## Supplied material
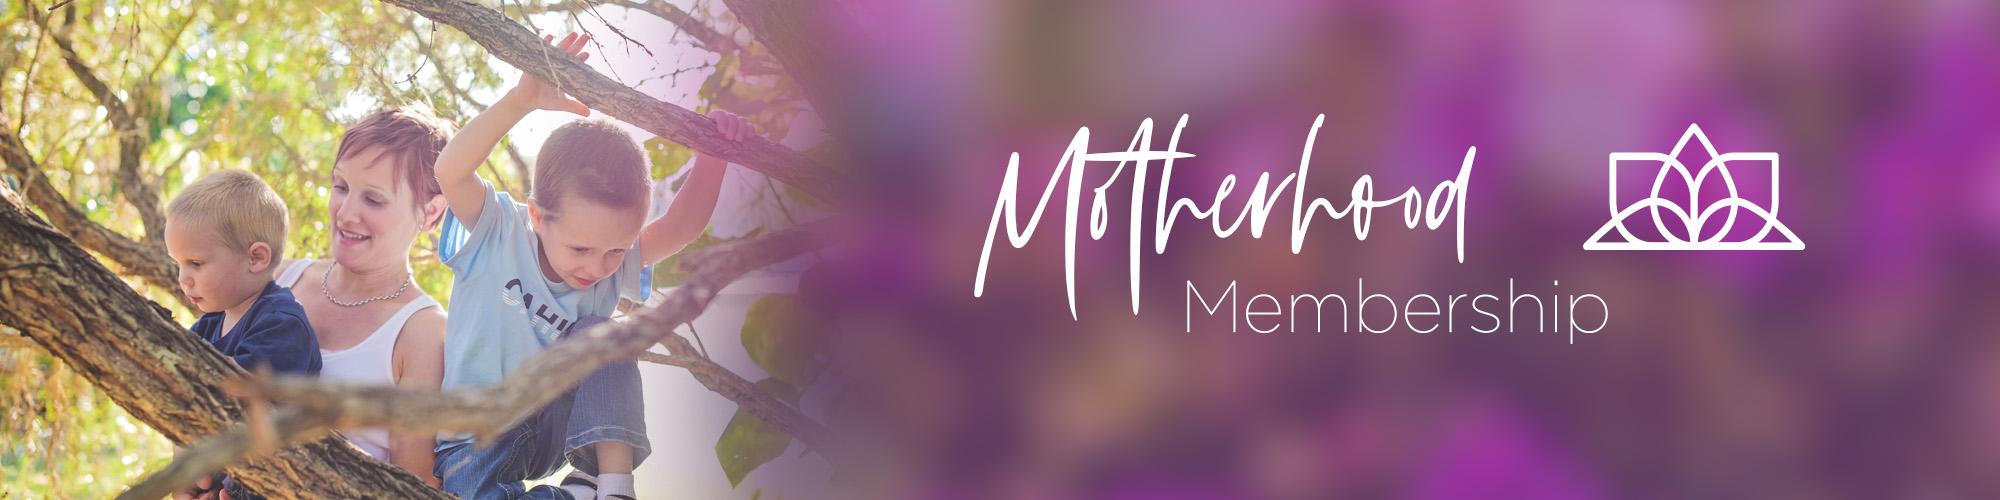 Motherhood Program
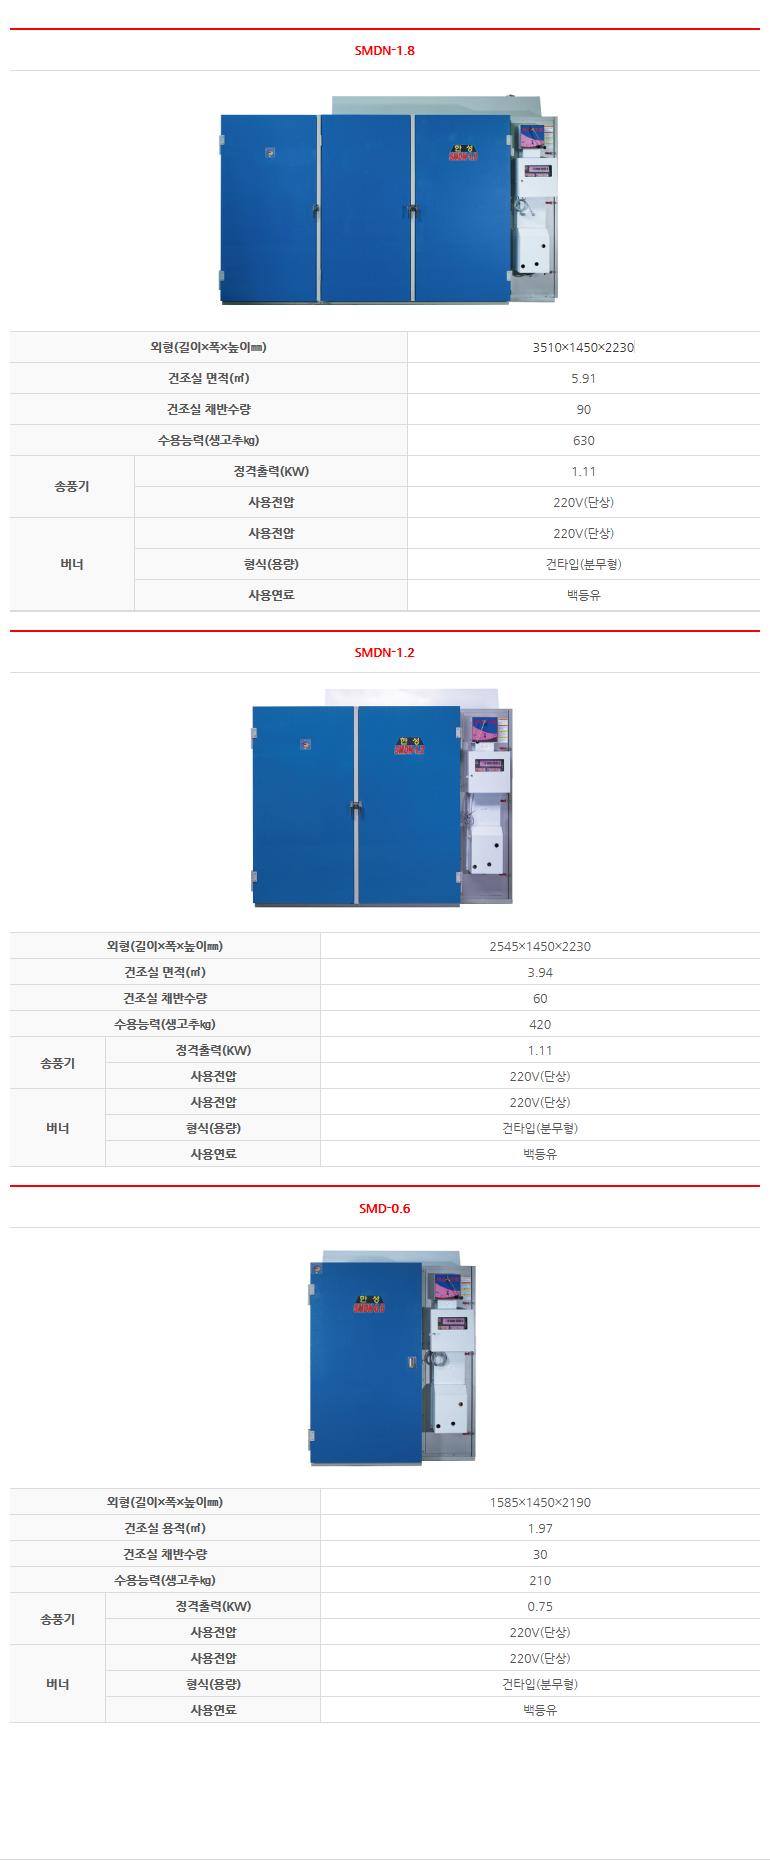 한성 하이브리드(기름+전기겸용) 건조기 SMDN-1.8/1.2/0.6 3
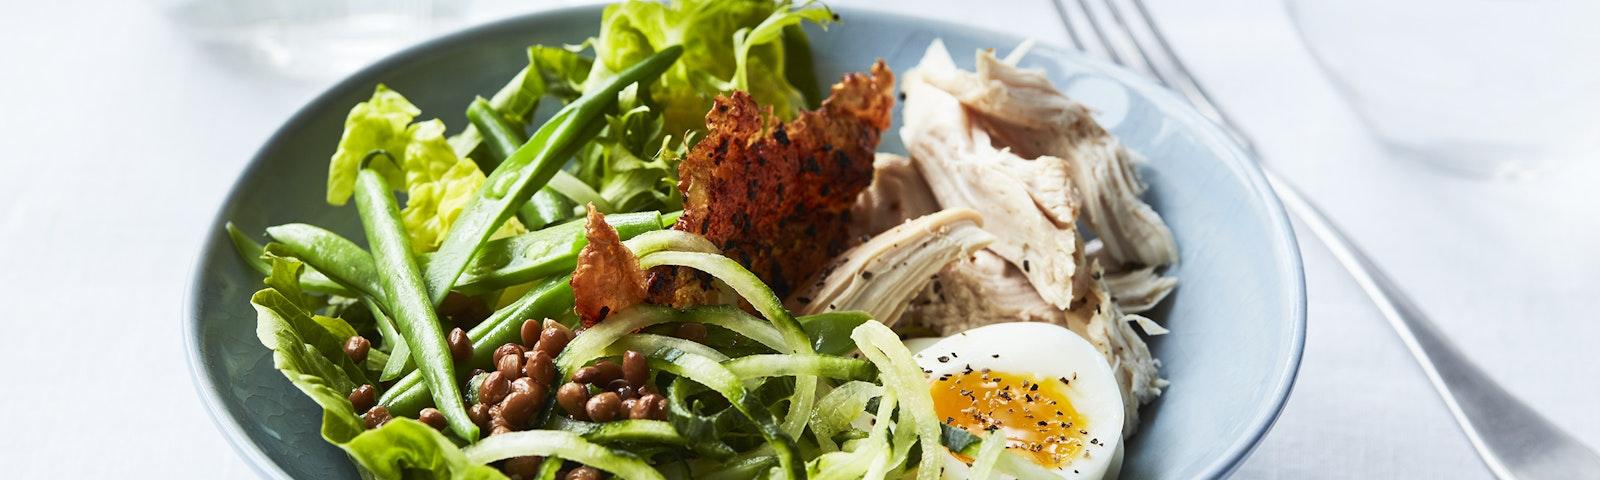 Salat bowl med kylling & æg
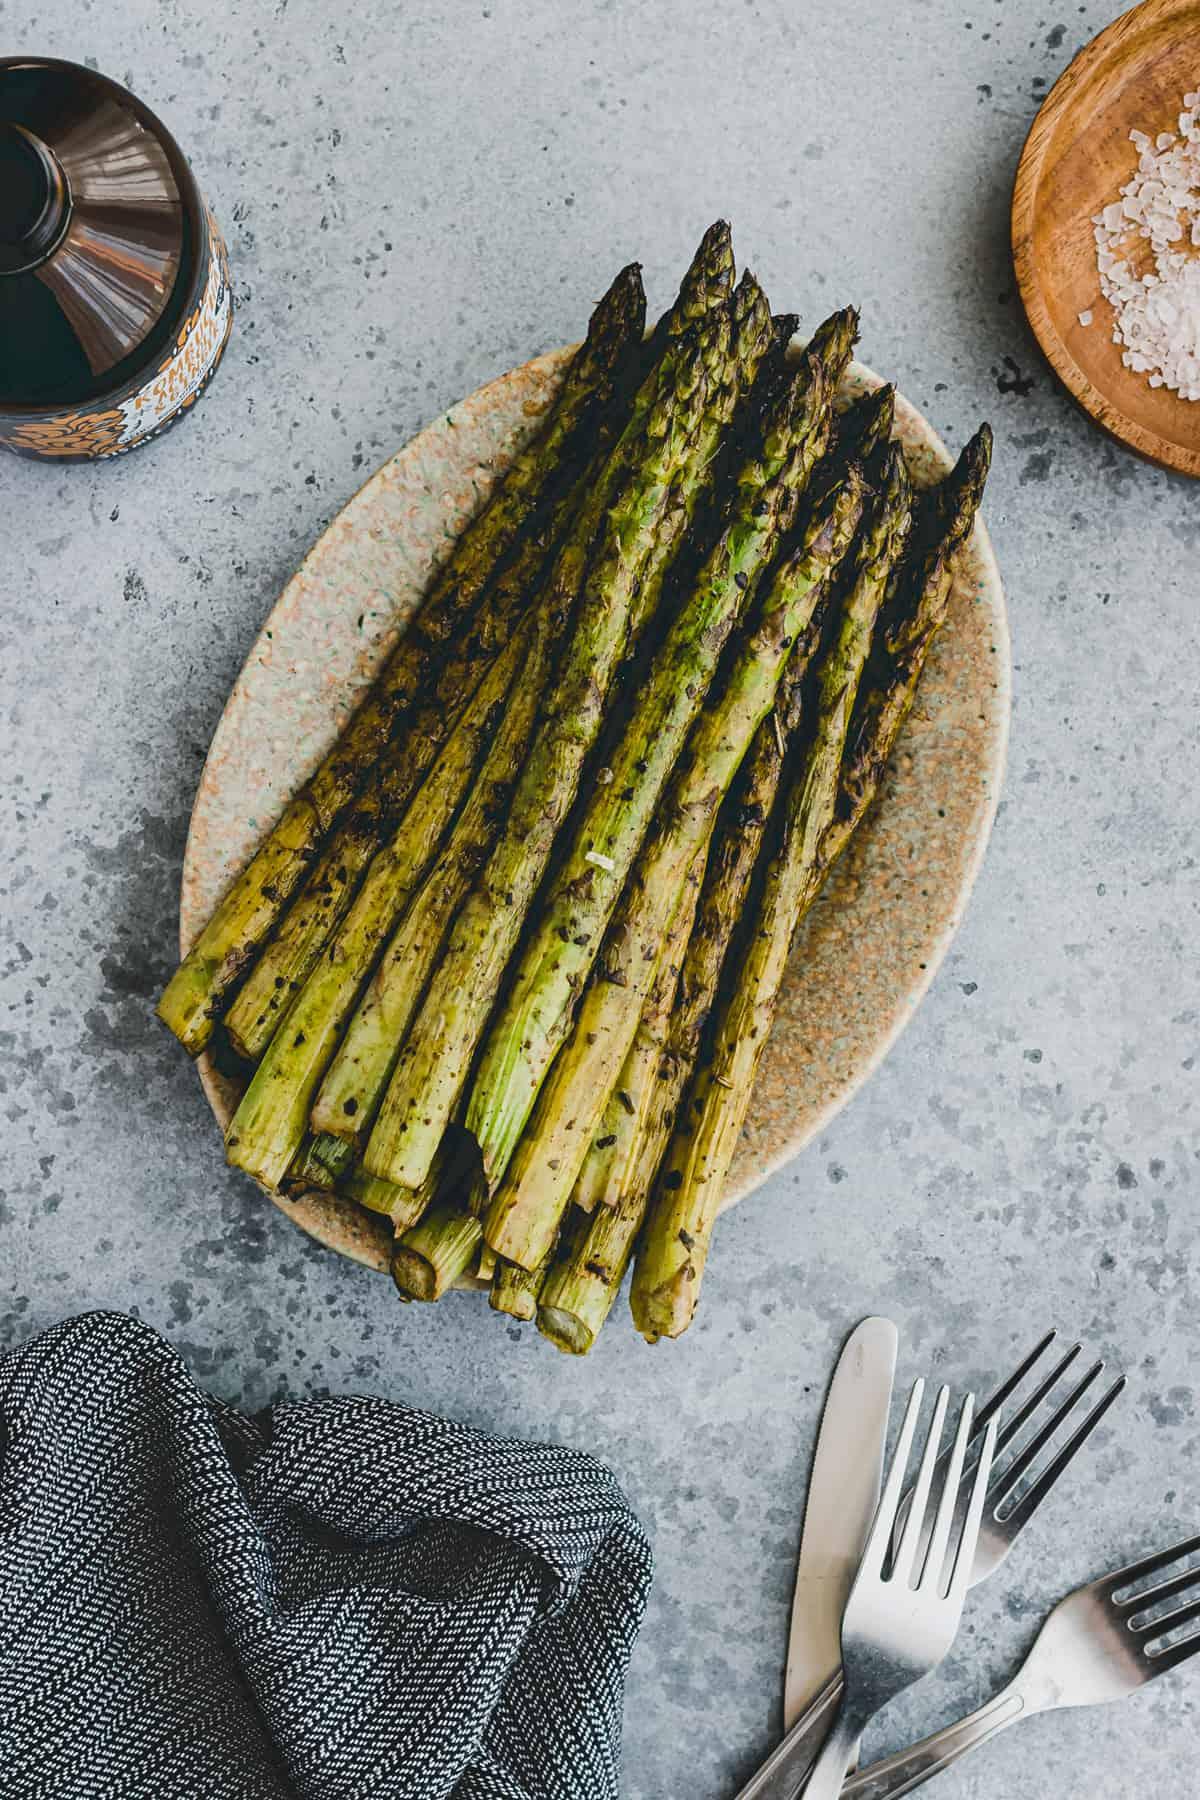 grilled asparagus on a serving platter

## Required work
The needed output is the lines from the one with "한성 하이브리드(기름+전기겸용) 건조기 SMDN-1.8/1.2/0.6 3" through the end of the listing, written out exactly, both ends included, pictures excluded.

## Final answer
 한성 하이브리드(기름+전기겸용) 건조기 SMDN-1.8/1.2/0.6 3
 Salat bowl med kylling & æg
 grilled asparagus on a serving platter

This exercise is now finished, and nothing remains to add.